Lepisosteus indicus Temporal range: Maastrichtian to Danian PreꞒ Ꞓ O S D C P T J K Pg N

Scientific classification
- Kingdom: Animalia
- Phylum: Chordata
- Class: Actinopterygii
- Clade: Ginglymodi
- Order: Lepisosteiformes
- Family: Lepisosteidae
- Genus: Lepisosteus
- Species: †L. indicus
- Binomial name: †Lepisosteus indicus (Woodward, 1890)
- Synonyms: †Belonostomus indicus Woodward, 1890;

= Lepisosteus indicus =

- Authority: (Woodward, 1890)
- Synonyms: Belonostomus indicus Woodward, 1890

Extinct species of fish

Lepisosteus indicus, the Indian gar, is an extinct species of gar known from the Late Cretaceous (Maastrichtian) and early Paleocene of India. It is known from a single articulated but poorly-preserved skull and a lost set of vertebrae from the Lameta Formation, in addition to numerous isolated scales and teeth from the Lameta Formation and Intertrappean Beds.

== Taxonomy ==
It was initially described by Woodward (1890) as a species of unrelated aspidorhynchid fish (Belonostomus indicus) until he reclassified it as a gar in 1909. L. indicus is generally thought to belong to the genus Lepisosteus, a genus that contains several modern gar species that are found in eastern North America. The presence of this species in India suggests that the genus had a much larger range in prehistoric times, and it is thought to be the easternmost known Lepisosteus species overall. However, some recent studies suggest that it may be only a stem-member of Lepisosteus, as some of the synapomorphies that were originally thought to be exclusive to Lepisosteus, and thus supporting this species' placement in that genus, have been found to be non-indicative. However, it is likely to be more closely related to Lepisosteus than to any other gar.

== Occurrence ==
Although only a single, crushed, partial articulated specimen is known representing an individual of about 75-90 cm in length, the ganoid scales and teeth assigned to this species are abundant in Maastrichtian and early Paleocene freshwater deposits of India, including Madhya Pradesh, Maharashtra, and Telangana.

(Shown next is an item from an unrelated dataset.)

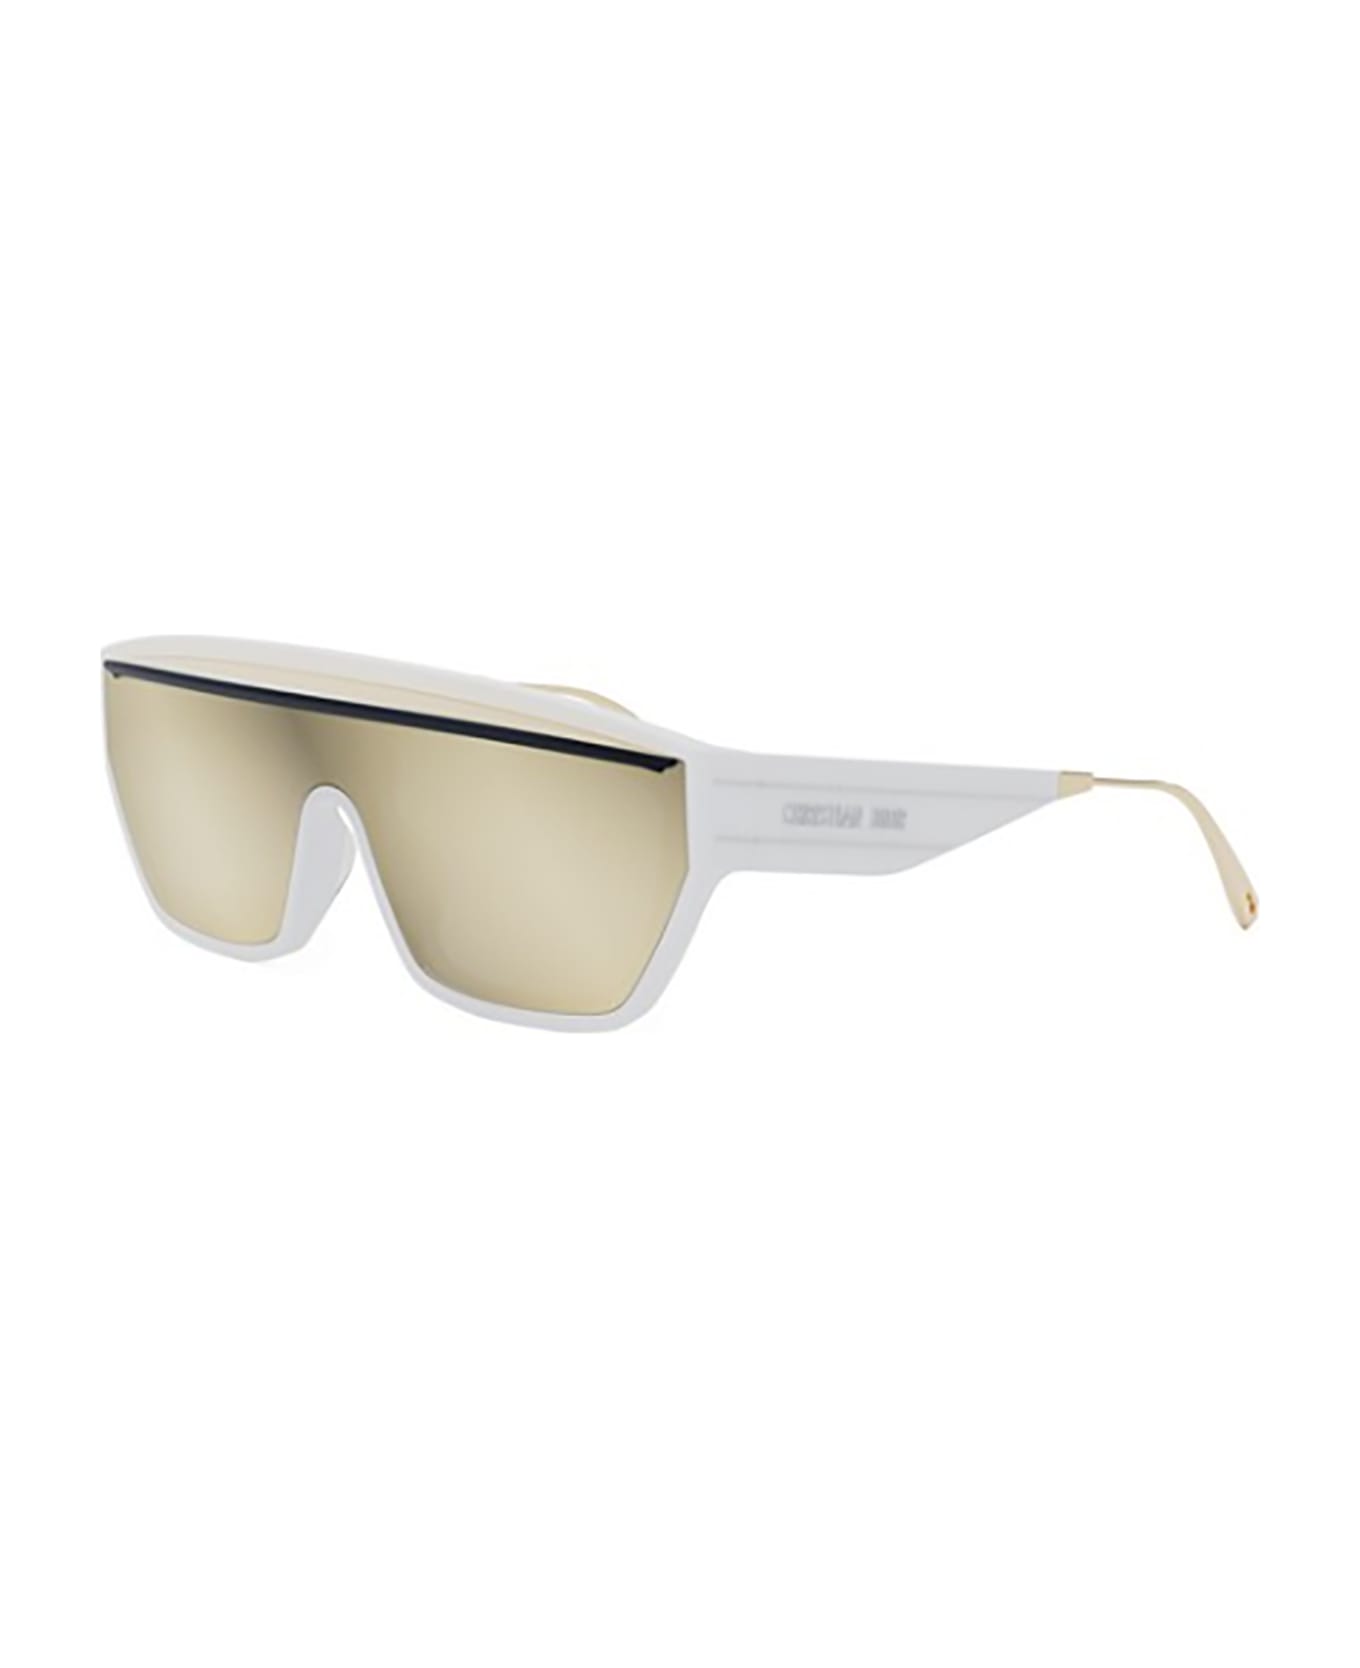 Dior CLUB M7U Sunglasses サングラス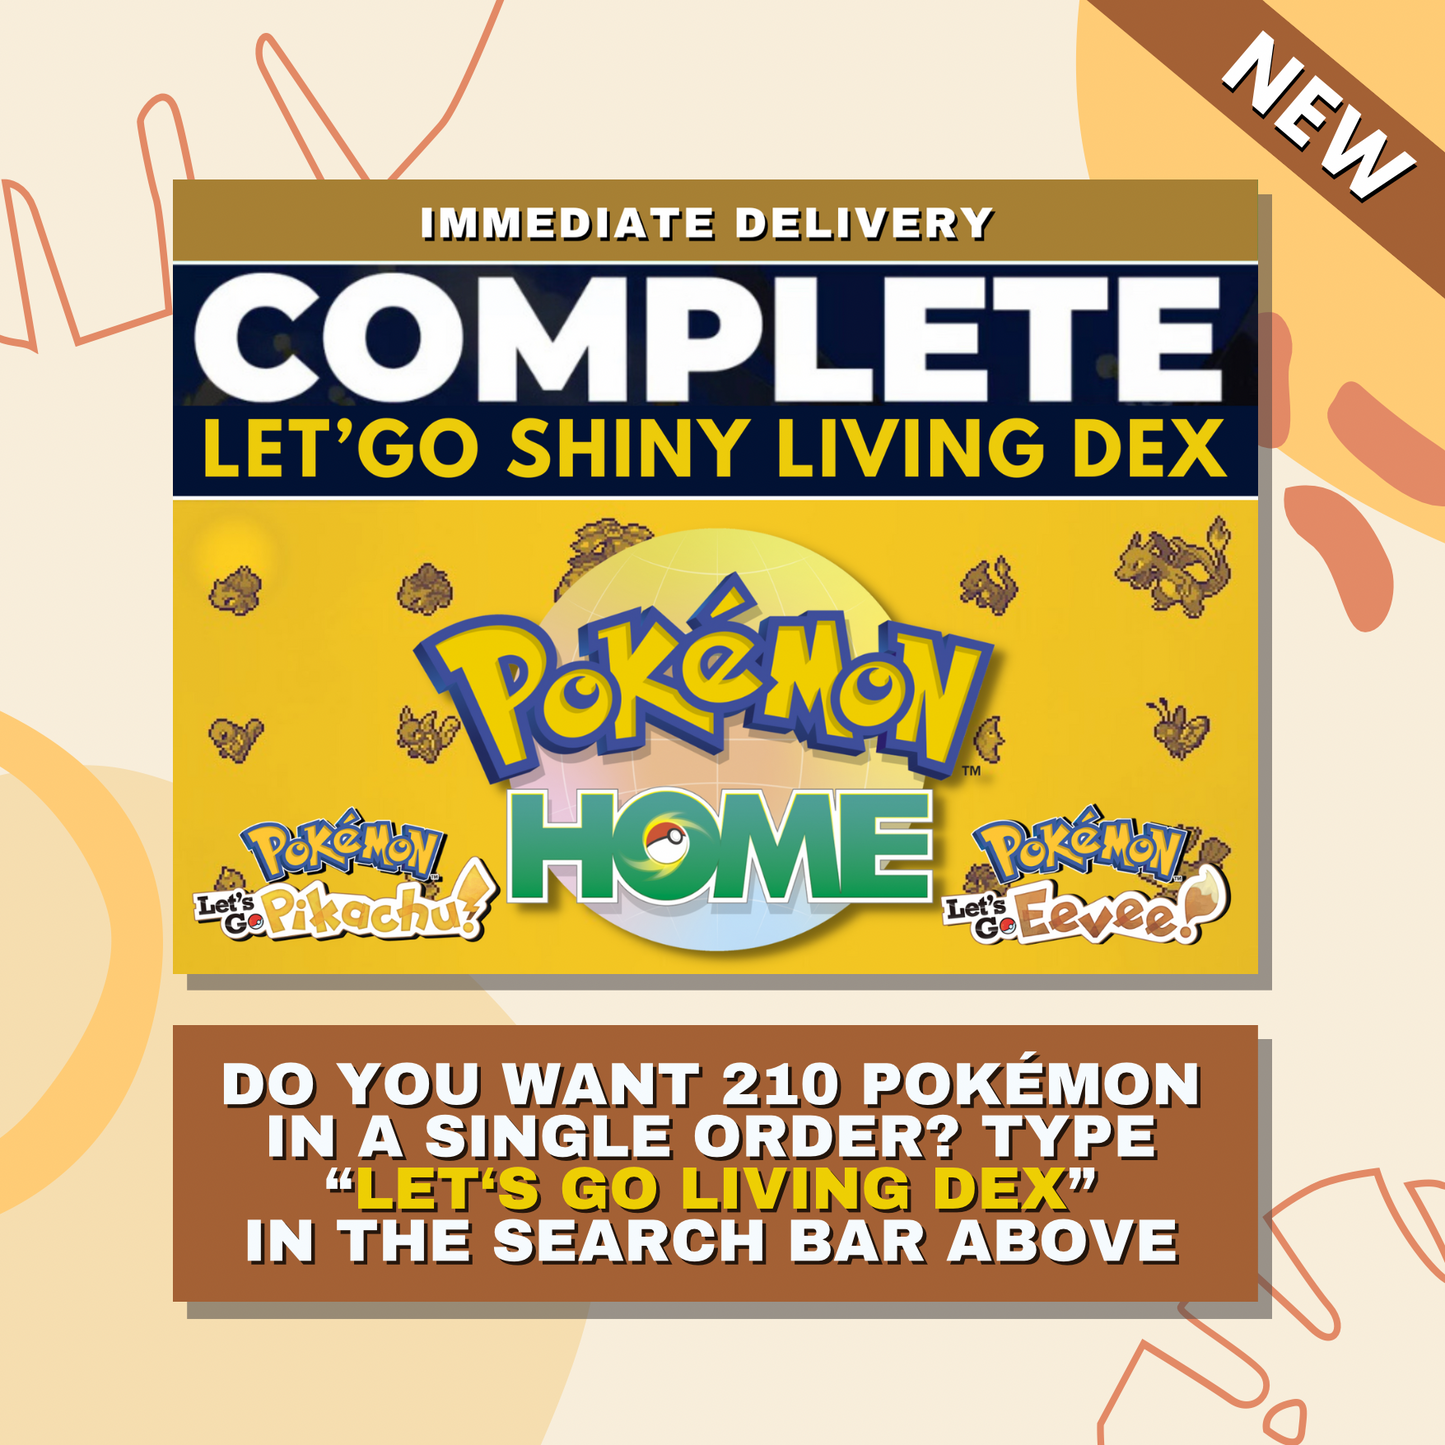 Hitmonchan Shiny ✨ or Non Shiny Pokémon Let's Go Pikachu Eevee Level 100 Competitive Battle Ready 6 IV 100% Legit Legal Customizable Custom OT by Shiny Living Dex | Shiny Living Dex

It is possible that this species or its close relatives had a wider geographic and temporal distribution: isolated gar scales (considered Lepisosteidae indet.) are known from the Kallamedu Formation of Tamil Nadu in southern India, which is contemporaneous with the Lameta Formation. In addition, the partial trunk of a small-sized gar that may potentially be L. indicus is known from the Late Paleocene-aged Palana Formation in Rajasthan, India, while isolated Lepisosteus scales are known from the middle Eocene (Lutetian)-aged Kuldana Formation of Kohat, Pakistan, representing the youngest record of gars on the subcontinent. The Pakistani Lepisosteus have been previously referred to L. indicus, but analysis of their scales indicates some differences from L. indicus, and a closer similarity to the modern longnose gar.